In fact, doing so will make you a better leader and help you make better decisions.
A tired leader is an ineffective leader.CLICK TO TWEET
Here are some things you can do to make sure you’re processing decisions:
- Get some sleep. A tired leader is an ineffective leader. Your body and brain need rest.
- Pray and meditate. Start every day with some time to reflect, pray and even meditate on scripture and surrender the problems you have to God.
- Get some exercise. Even a 20 minute run or a brisk walk will help.

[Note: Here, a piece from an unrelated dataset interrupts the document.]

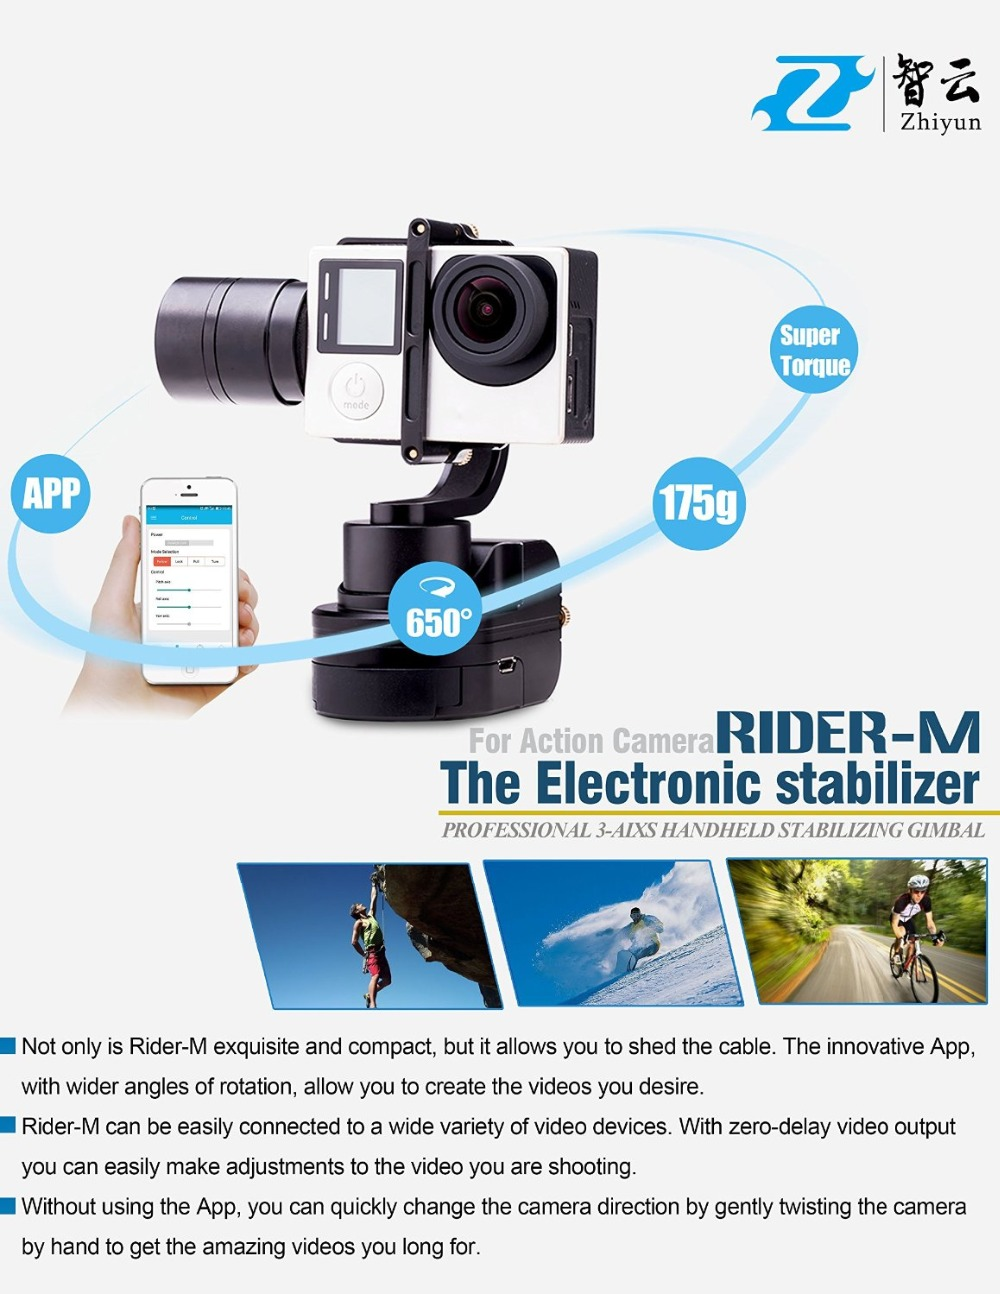 DHL Zhiyun Всадник М Z1-rider М gimbal 3-axi Носимых стабилизатор Bluetooth пульт дистанционного управления для Gopro hero 3 4 сессии GoCam Sj5000 xiaoyi

- Eat better. Yep, this is sounding a lot like what you already know. But just do it.
- Call a friend you can talk to. In a crisis, you need people who don’t need anything from you. Call a friend.
- Spend at least some time with your family. They need your leadership and friendship too, as much as your church or company does.
Creating some distance from crisis management will help you make far better decisions. When in doubt, revert to #1 and 2. They are force multipliers.
If you don’t control your emotions, your emotions will control you.